USPS Launches New Dog Paw Program in Twin Cities Metro Area

The Dog Paw Program is to Address Employee Safety and Minimize Dog Incidents.

September 15, 2021
MINNEAPOLIS & SAINT PAUL, MN – USPS aims to curb dog bites suffered by postal employees by launching a new Dog Paw Program in the Twin Cities Metro across ZIP Codes in the 551 & 554 area.

Mail Carriers face the risks of a nip, bite, or even a vicious attack while delivering mail and packages each day. Aggressive dog behavior poses a serious threat to Postal Service employees throughout the nation and in our own backyard.

To emphasize the enormity of this issue, the Postal Service has reported the number of dog attacks and bites together as the most prominent threat to letter carriers. So far this year, over 4,200 Postal Service employees across the U.S. have been victimized by dogs, as stats already compare to 2020 incident totals of 4,933. Locally, 32 mail carriers have been bitten by dogs so far this year in the Twin Cities Metro, with 19 carriers bitten last year.
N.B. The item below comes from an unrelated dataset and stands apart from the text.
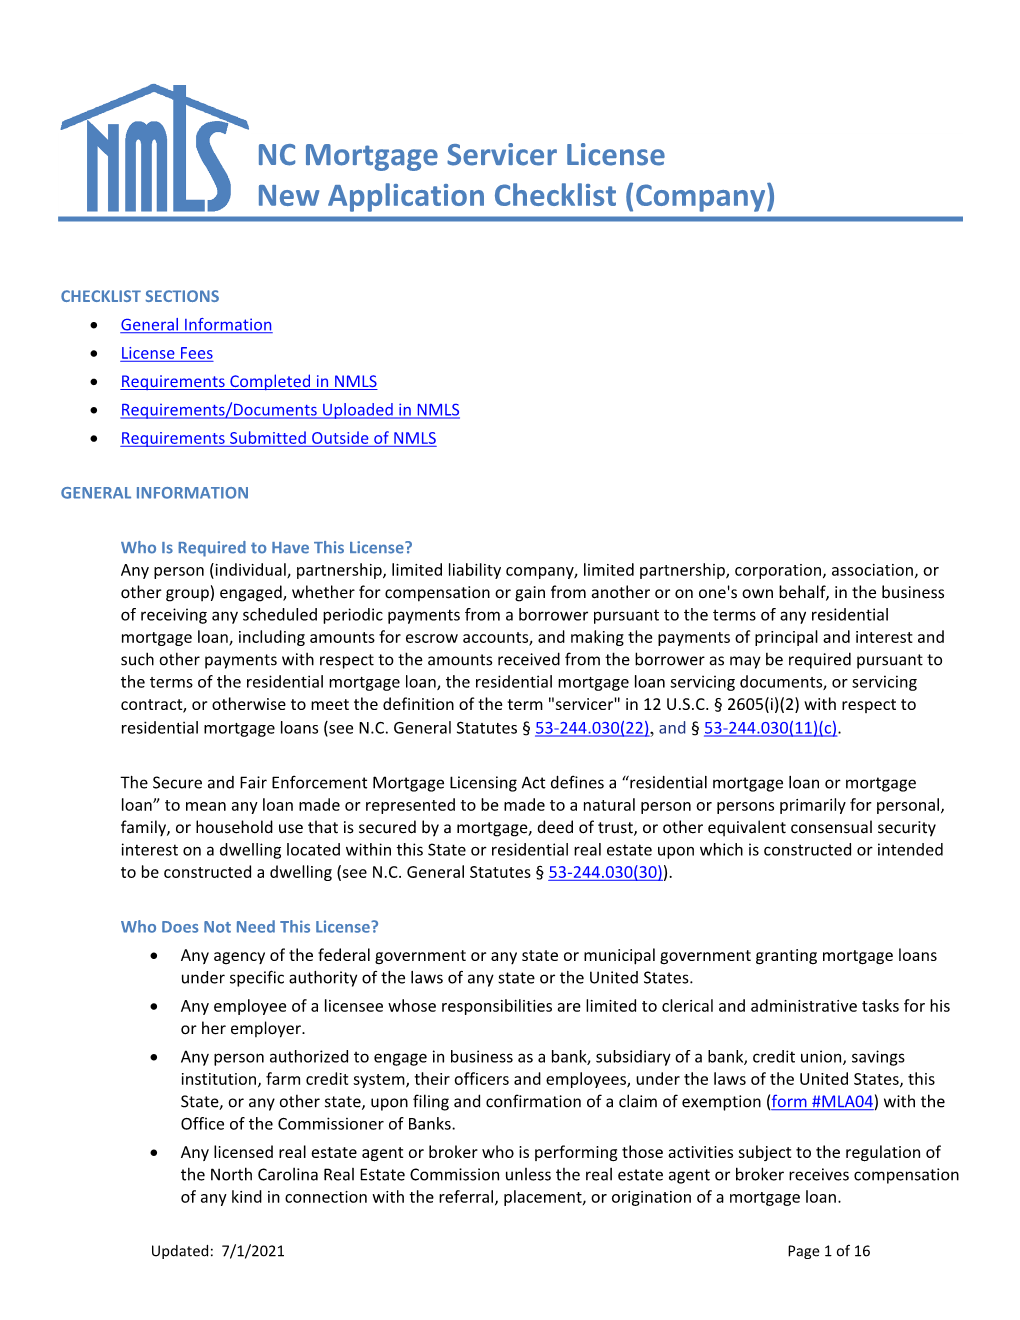 NC Mortgage Servicer License New Application Checklist (Company)

To Combat this issue, USPS is implementing a Dog Paw program to raise awareness for our Letter Carriers and customers on the risk of dog bites throughout their workday. The program involves using color coded stickers to indicate both the home of a dog as well as the house before a dog’s home, to better prepare the Letter Carrier as they approach the mailbox. An orange sticker tells carriers that there is a dog at this home and the yellow cautions the carrier that there is a dog at the next house.
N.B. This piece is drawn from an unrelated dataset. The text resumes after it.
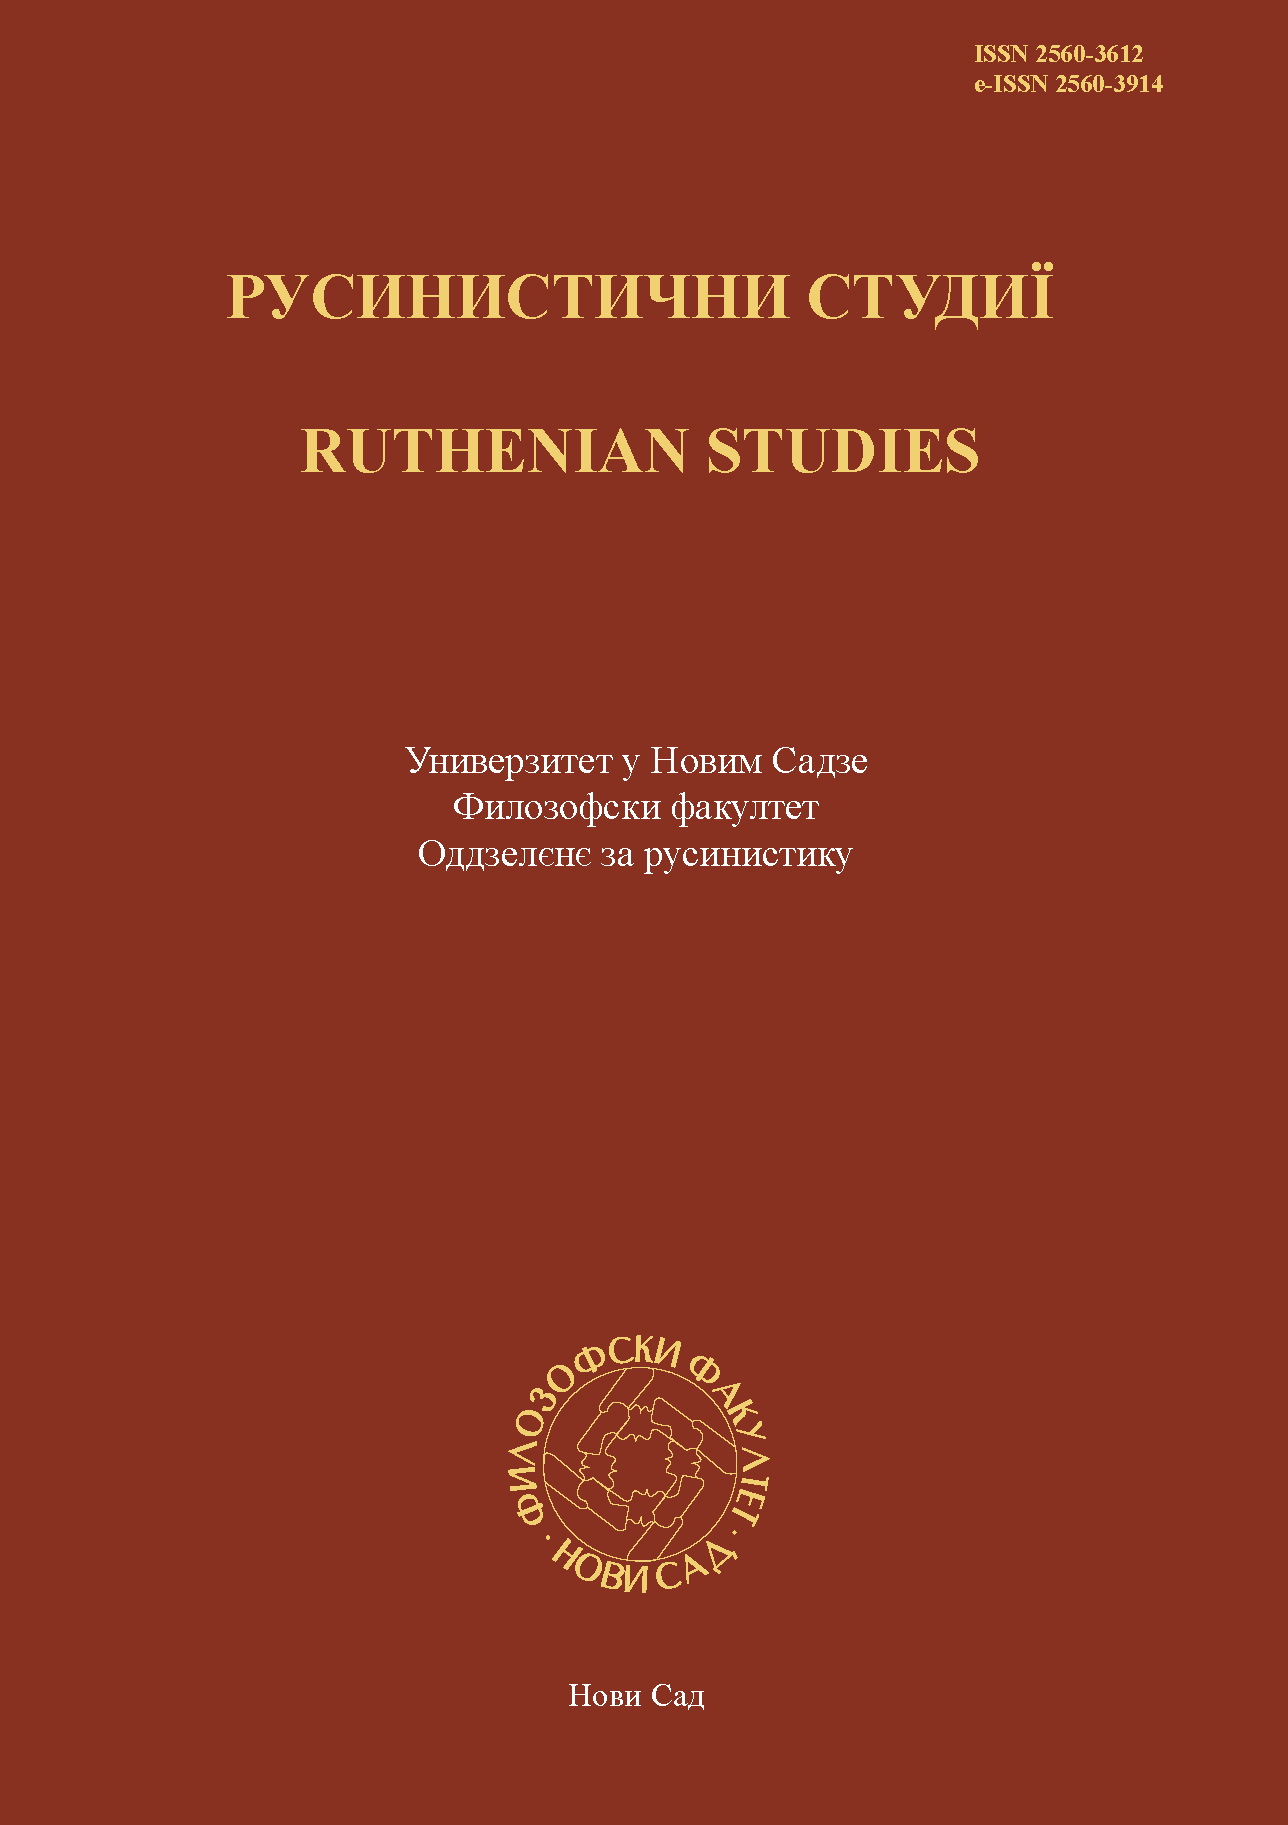 Ruthenian Studies

As customers see these stickers posted on their mailbox, they will also receive a postcard explaining the program.

“These visual cues for our employees are extremely important to curb the risk of injury and dog bites here in the 551 and 554 area,” said Nicole Hill, Communications Specialist for the Postal Service. “One bite is too many, and this program aims to educate our customers and provide better visibility of neighborhood dogs to our employees.”

When used in conjunction with other methods, such as local alerts as postal employees approach the house and written notification cards within the mail, this program has been successful in other locations that have seen high dog bite rates.